■ Task description ■
A faithful copy of the data is what is wanted, minus any pictures.

■ Supplied data ■
================================
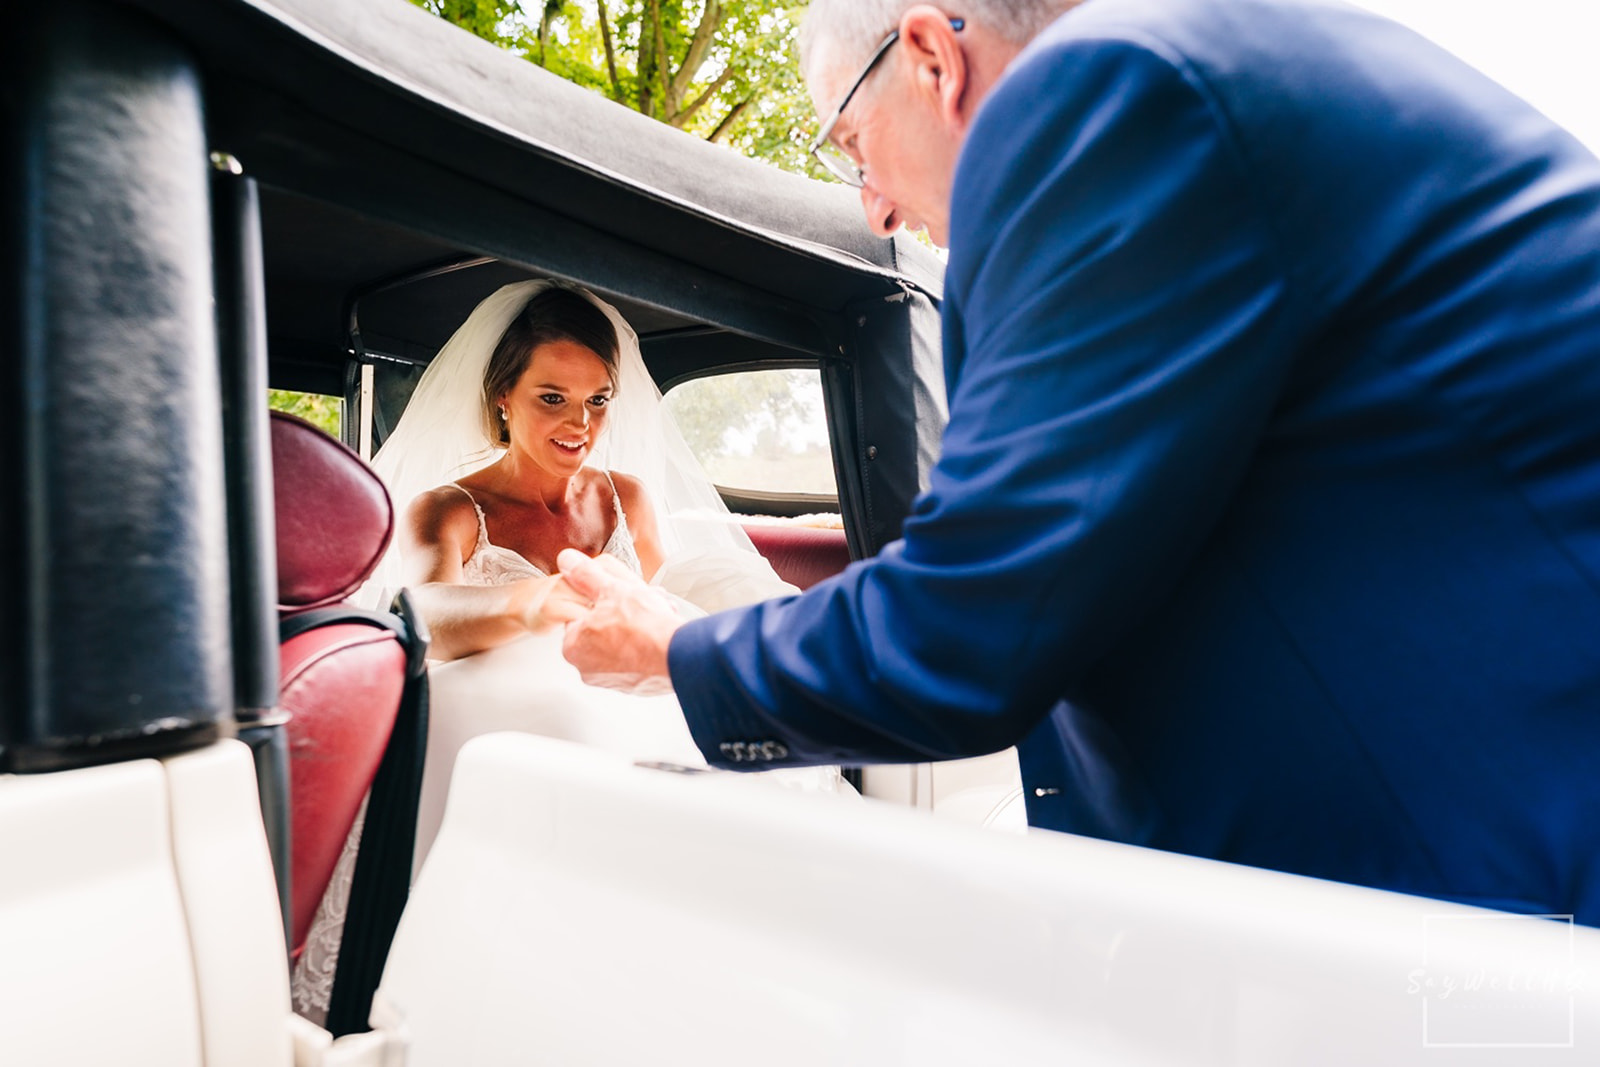 Documentary Wedding Photography Portfolio - Andy Saywell - bride arrives for her wedding in a white wedding car
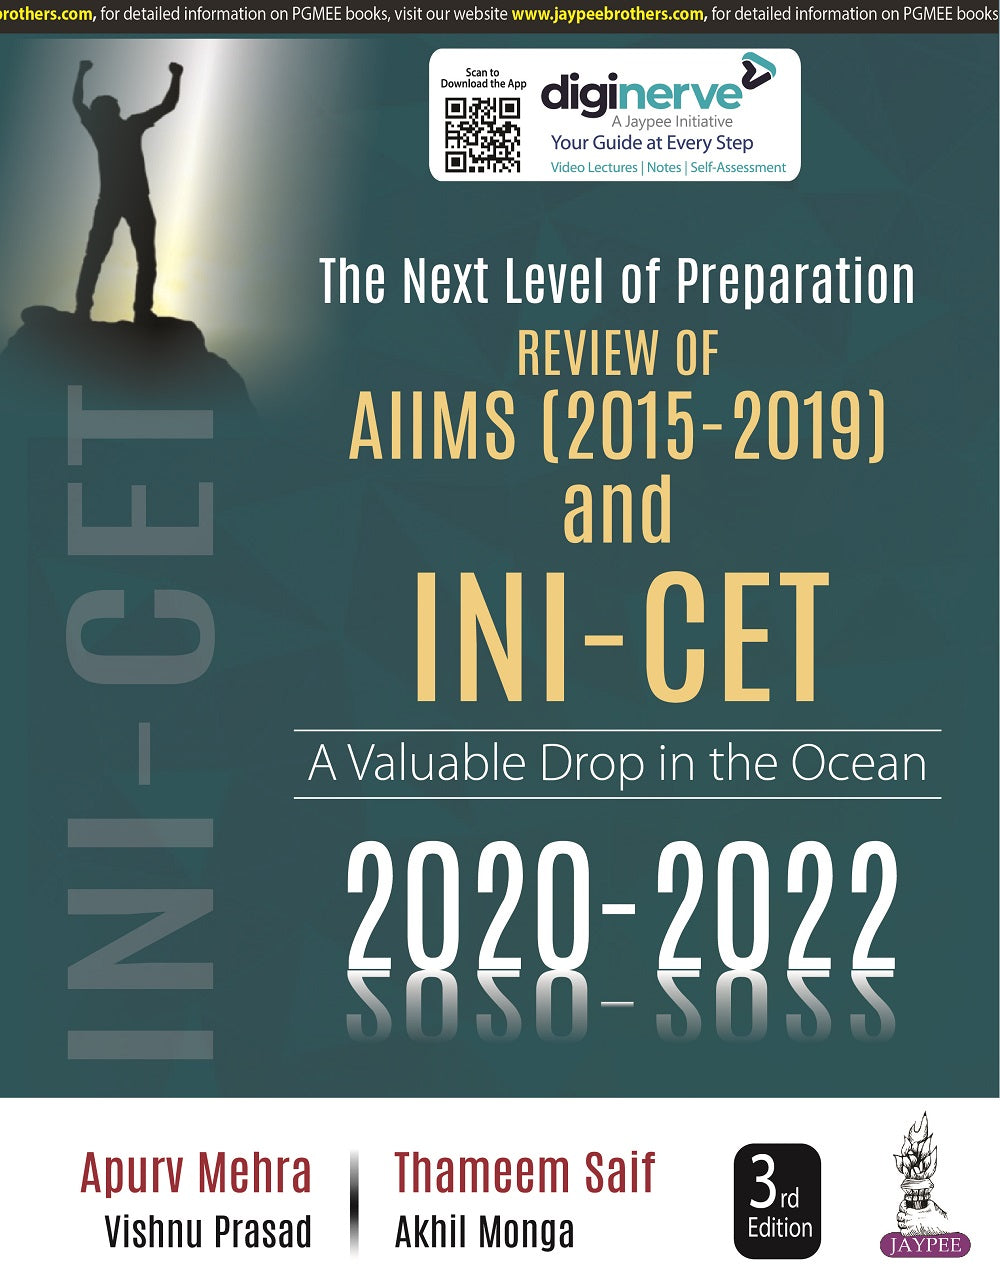 The Next Level of Preparation Review of AIIMS (2015-2019) and INI-CET (2020-2022) by Apurv Mehra
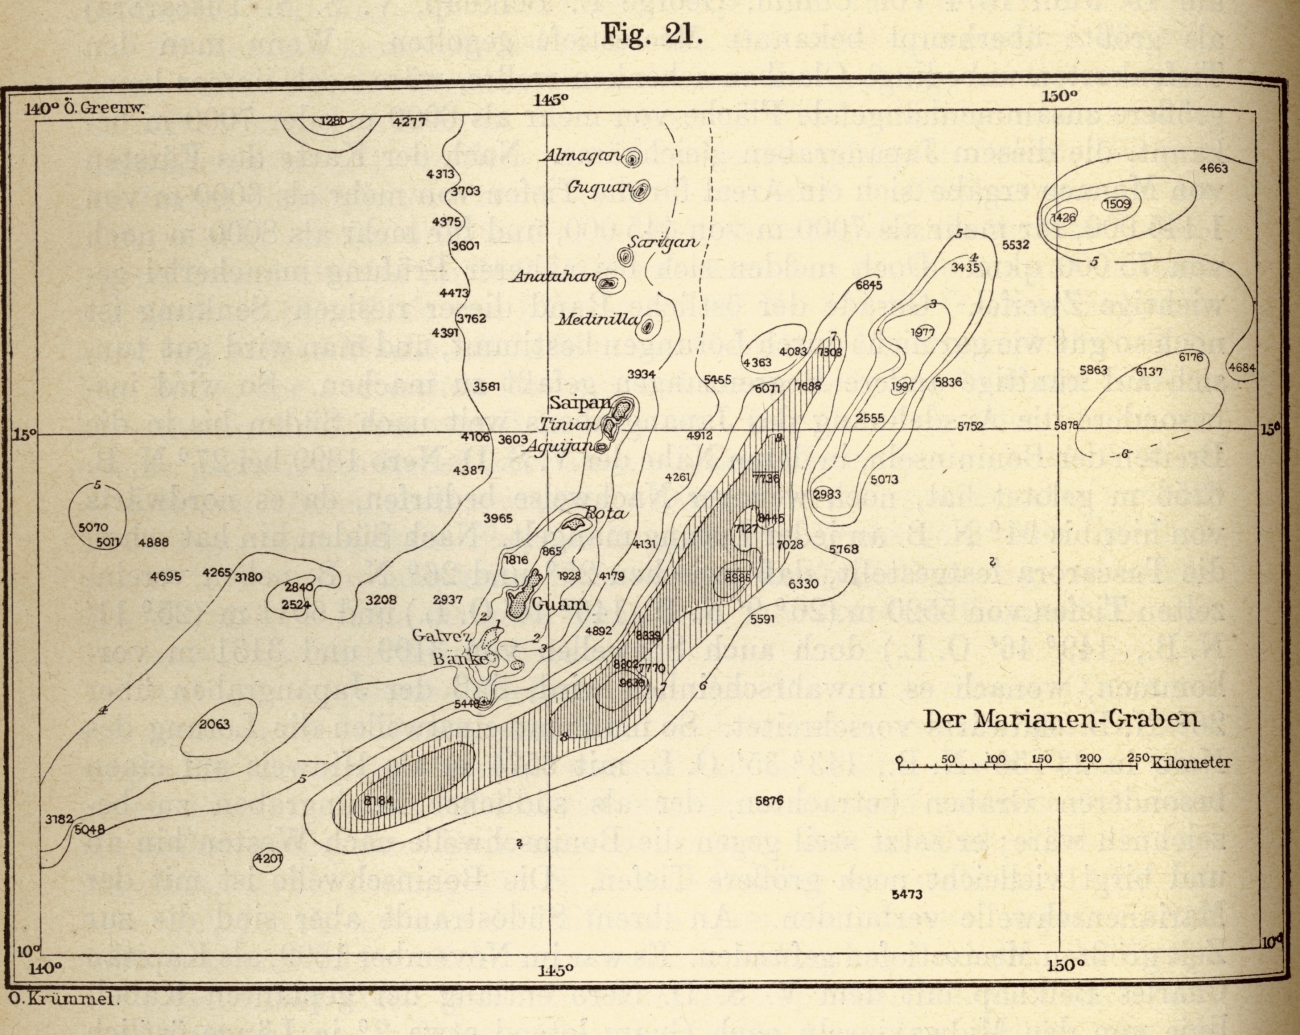 Otto Krummel's map of the Mariana Trench
================================
■ Exercise result ■
 Documentary Wedding Photography Portfolio - Andy Saywell - bride arrives for her wedding in a white wedding car
 The Next Level of Preparation Review of AIIMS (2015-2019) and INI-CET (2020-2022) by Apurv Mehra
 Otto Krummel's map of the Mariana Trench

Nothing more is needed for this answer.